Auch deutsche Wissenschaftler sehen den Preis bei den drei Preisträgern gut aufgehoben: „Die Entdeckung dieser zwei Zelltypen hat die entscheidende Grundlage für das Verständnis der Orientierung von Säugetieren geschaffen“, sagt Tobias Meilinger vom Max-Planck-Institut für biologische Kybernetik in Tübingen. Er erforscht dort die Orientierung von Menschen in Alltagsumgebungen. Beim Menschen allerdings, da ist sich der Forscher sicher, spielen noch einige besondere Eigenschaften eine Rolle für die Orientierung. „Wie diese einzelnen Zellen zum Verhalten beitragen können, bleibt sicher noch für viele Jahren ein spannendes Forschungsfeld“, sagt Meilinger.

Obwohl die Zellen allein die enormen Fähigkeiten vieler Säugetiere vermutlich kaum erklären können, sich im Raum zu orientieren – wie zum Beispiel Fledermäuse, die in völliger Dunkelheit durch komplizierte Höhlensysteme fliegen können – sind sich Forscher über die Bedeutung der Arbeiten der Mosers recht einig. Schon vor vier Jahren äußerte sich vor allem der bekannte amerikanische Neurowissenschaftler Eric Kandel begeistert über ihre Erkenntnisse. Er bewundere die Arbeit der beiden ganz außerordentlich, sagte er damals der New York Times.

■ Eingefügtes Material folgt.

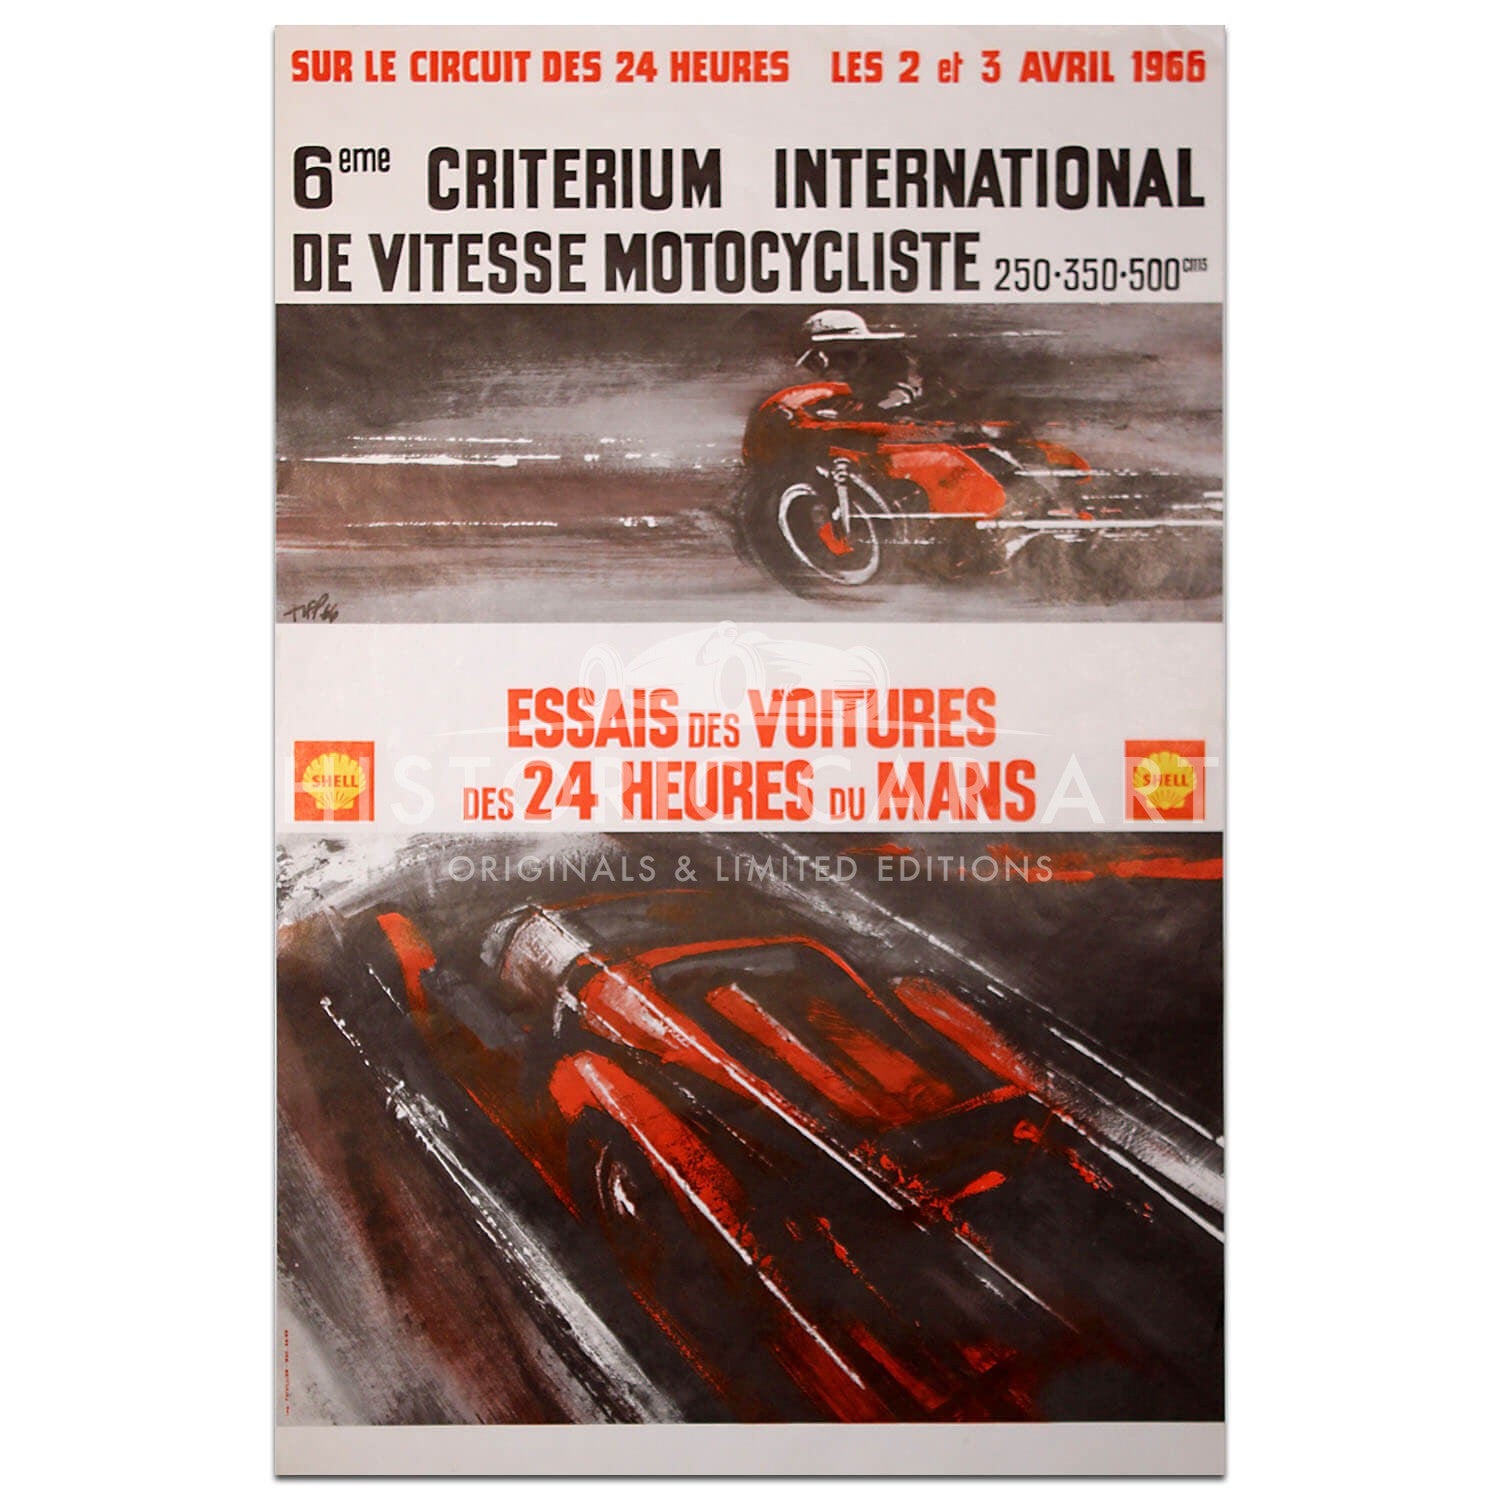 French | Le Mans 24 hours 1966 Essais (Practice) Original Poster

Für Edvard Moser allerdings war wohl nicht wirklich klar, dass er und seine Frau heiße Kandidaten für die wichtigste Trophäe der Wissenschaft waren. Als er am Montag schließlich in München landete, soll ihm eine Frau einen Blumenstrauß überreicht haben. Er habe einen Preis gewonnen, sagte sie, sie wisse aber nicht welchen. Er wusste es auch nicht. Erst als er einen Anruf seines Münchner Kollegen Tobias Bonnhoeffer vom Max Planck Institut für Neurobiologie auf seinem Mobiltelefon entdeckte, sei es ihm allmählich gedämmert, berichtete Moser auf einer eilig einberufenen Presse-Konferenz am Institut in Martinsried. Nicht allein diese Ahnungslosigkeit macht den Preis für die Mosers besonders. Sie sind in der Geschichte der Nobelpreise erst das vierte Ehepaar, das gemeinsam für seine wissenschaftliche Leistung ausgezeichnet wird, und sogar erst das zweite Paar, das den Nobelpreis für Medizin zusammen erhält.

Die Befürchtung, er werde nun den ersten Flieger nach Oslo zurück nehmen, um am gleichen Ort mit seiner Frau feiern zu können, konnte er den Kollegen nehmen. Moser wird im kommenden Monat als Gastforscher in München gemeinsam mit Bonhoeffer einen genaueren Blick auf die Rasterzellen im Gehirn werfen, und zwar mit speziellen Mikroskopen, mit denen sich die einzelnen Neuronen genau untersuchen lassen.

Die neuen Methoden werden auch zeigen, inwieweit das innere Navigationssystem bei Menschen zur Orientierung beiträgt. Und ob sich das Prinzip der Rasterzellen womöglich auch auf andere Prozesse der Informationsverarbeitung übertragen lässt. Denn das, was der Neurobiologe und seine Frau May-Britt entdeckt haben, hält Moser erst für „die Spitze eines Eisbergs“.